I just spent the five days at my semi-annual TLC (Transformational Leadership Council) event in Mexico. I come away from each of these conferences with nuggets of great information.
At this conference, one of the presentations that gave me a lot of great nuggets was from my friend, Alex Mandossian. His talk was called “Discover Your Verb.” OK, I thought it sounded a bit weird but his content is always so great, so I didn’t care – I had to be there. I’m glad I was. It was in fact, amazing.
In his talk he said, the “biggest lesson I’ve learned over the years is the one thing that makes a great business person and leader is: movement!”
Albert Einstein once said that “nothing happens until something moves.” This is true in business and in leadership because without movement, change is not possible.

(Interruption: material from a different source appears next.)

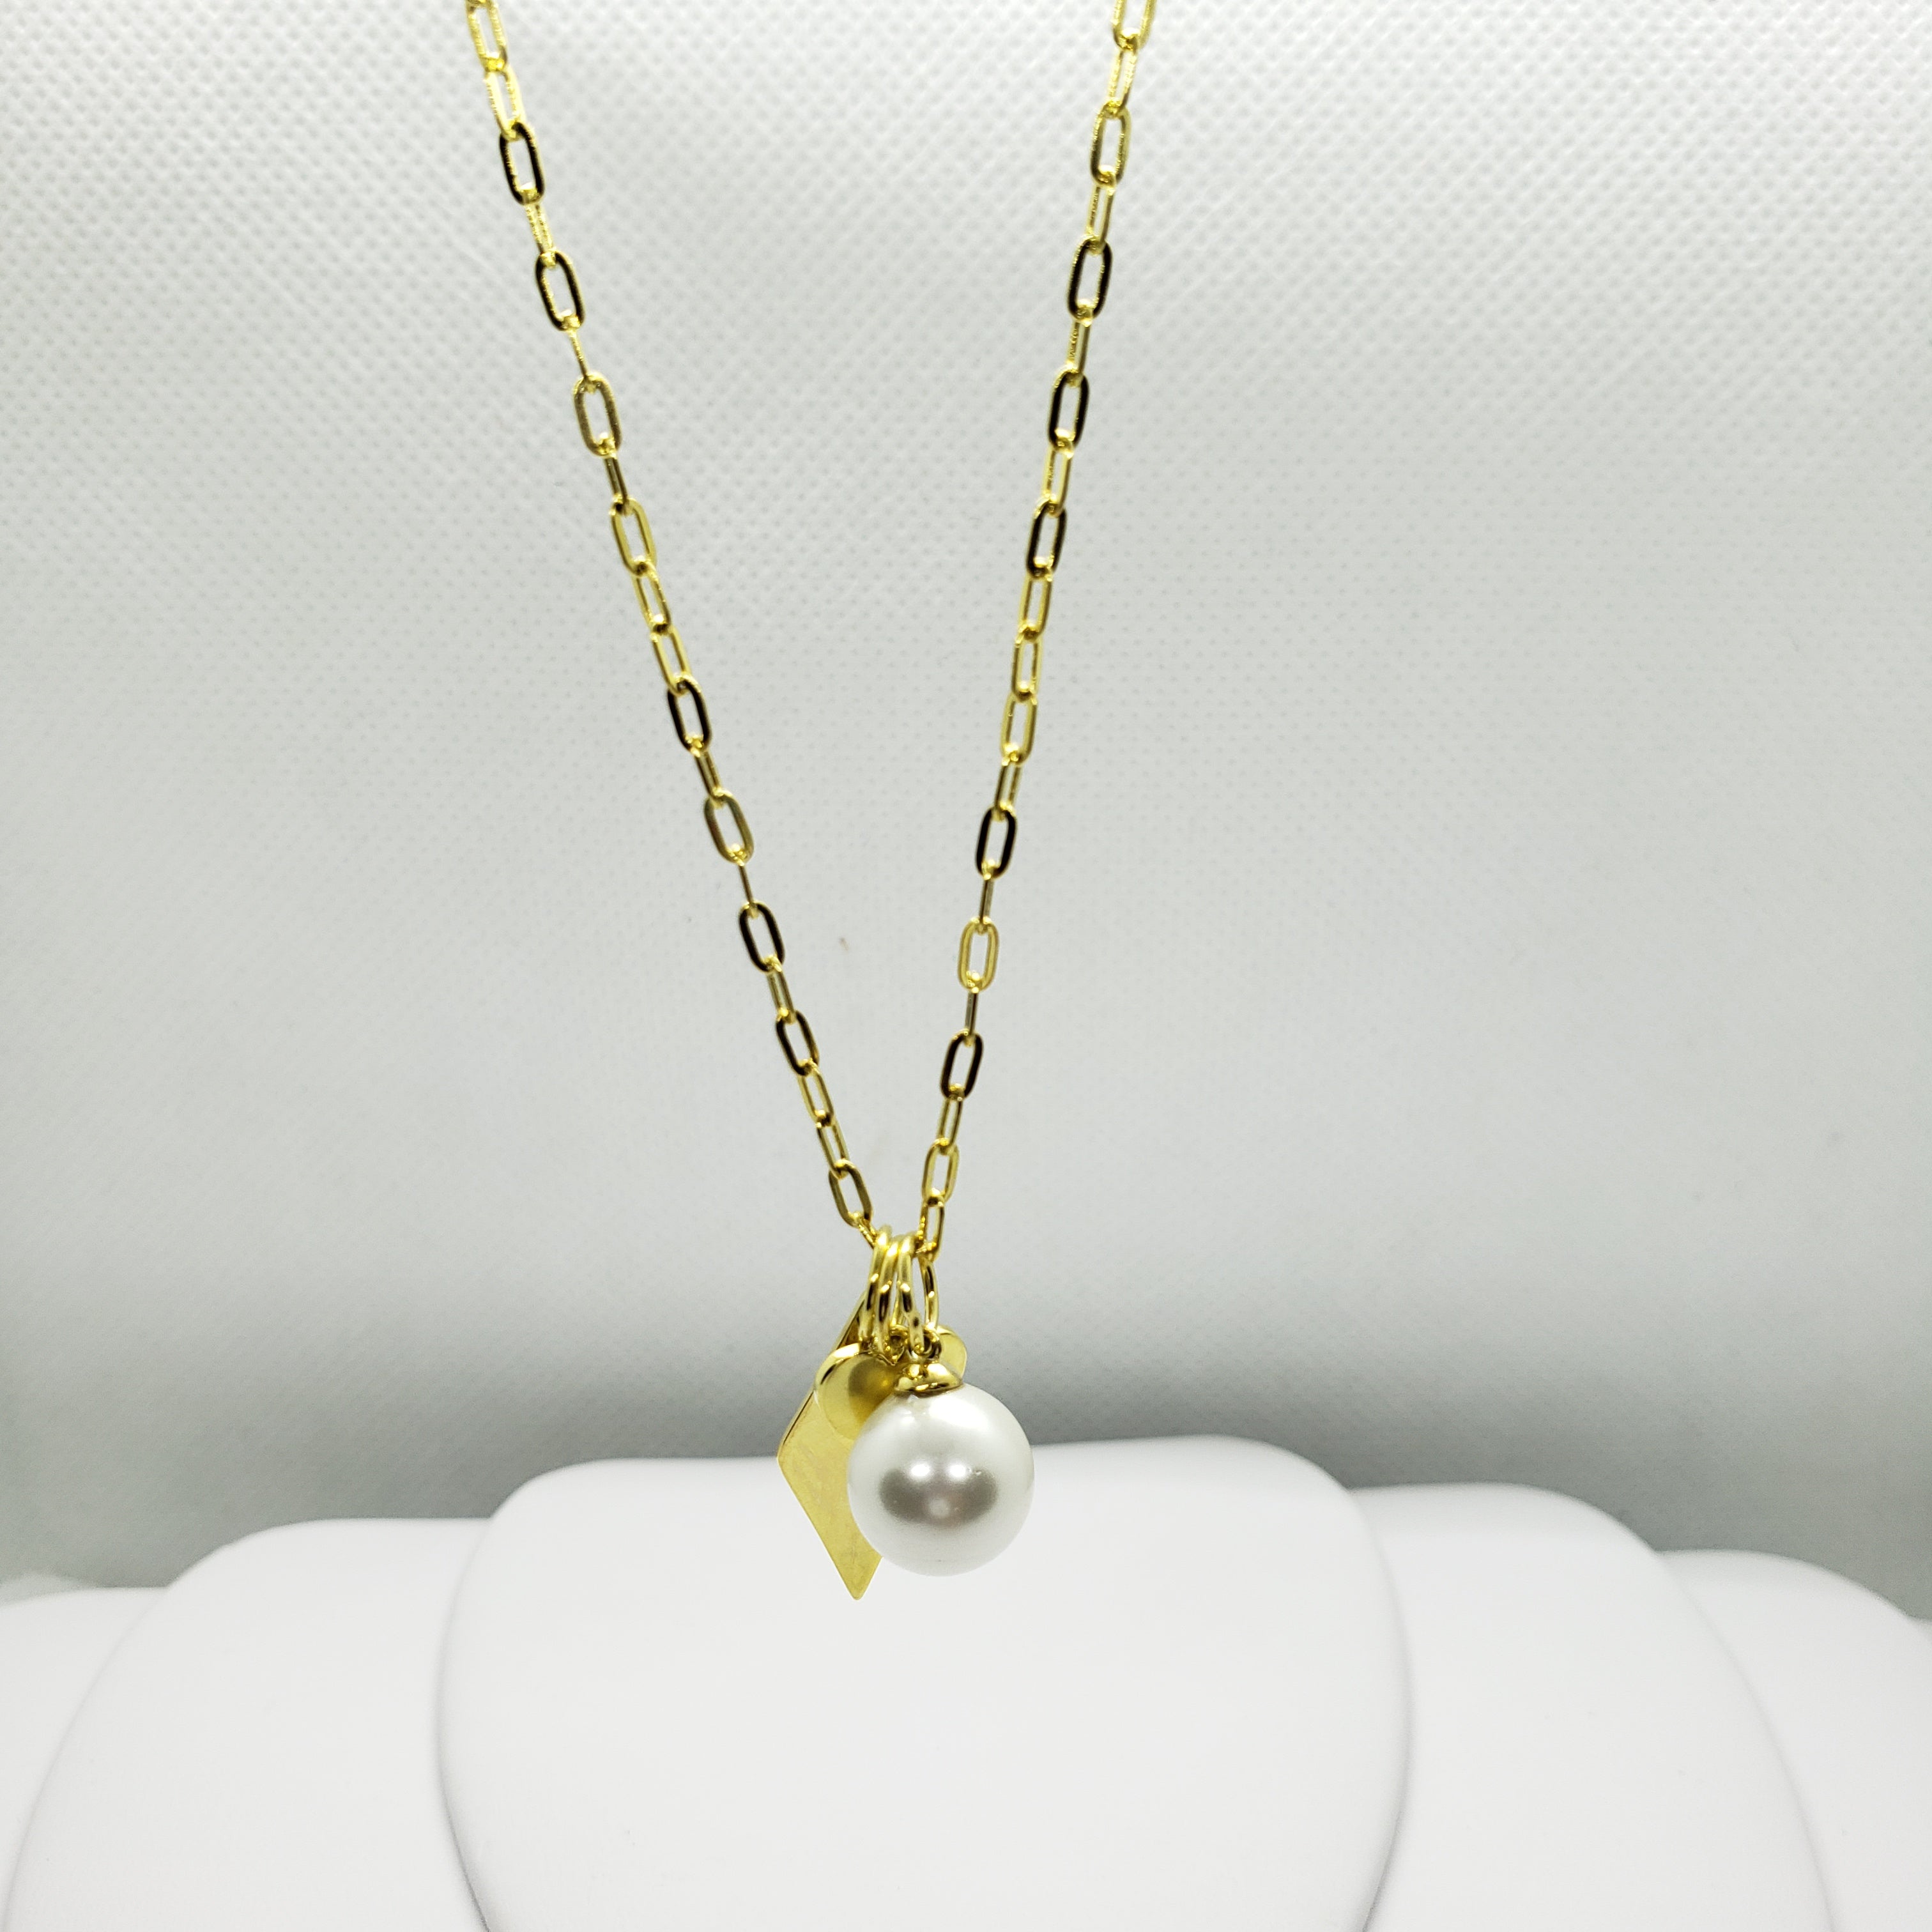 Necklace 005

Alex told the story of a legendary ad man, Leo Burnett from Chicago. He said that “Burnett once put his staff to the task of analyzing 62 ads that failed to move merchandise. Why did they fail? Burnett said it was due to too many adjectives because adjectives (like “extremely”) don’t move people, instead they spark skepticism and doubt in our minds. In fact, of the 12,758 words of those failed ads, 24.1% were adjectives! Translation: more adjectives means less movement.”
Alex said that in comparison, Lincoln’s Gettysburg Address contains only 13.1% adjective-to-total-word ratio and Churchill’s “Blood, Sweat and Tears” speech has 12.3%.
If adjectives are the problem, then what is the solution? Alex said that it’s not nouns – it’s about verbs or action words.
Verbs increase persuasion power and move people according to Alex. The greatest thought leaders in history lived their lives as verbs.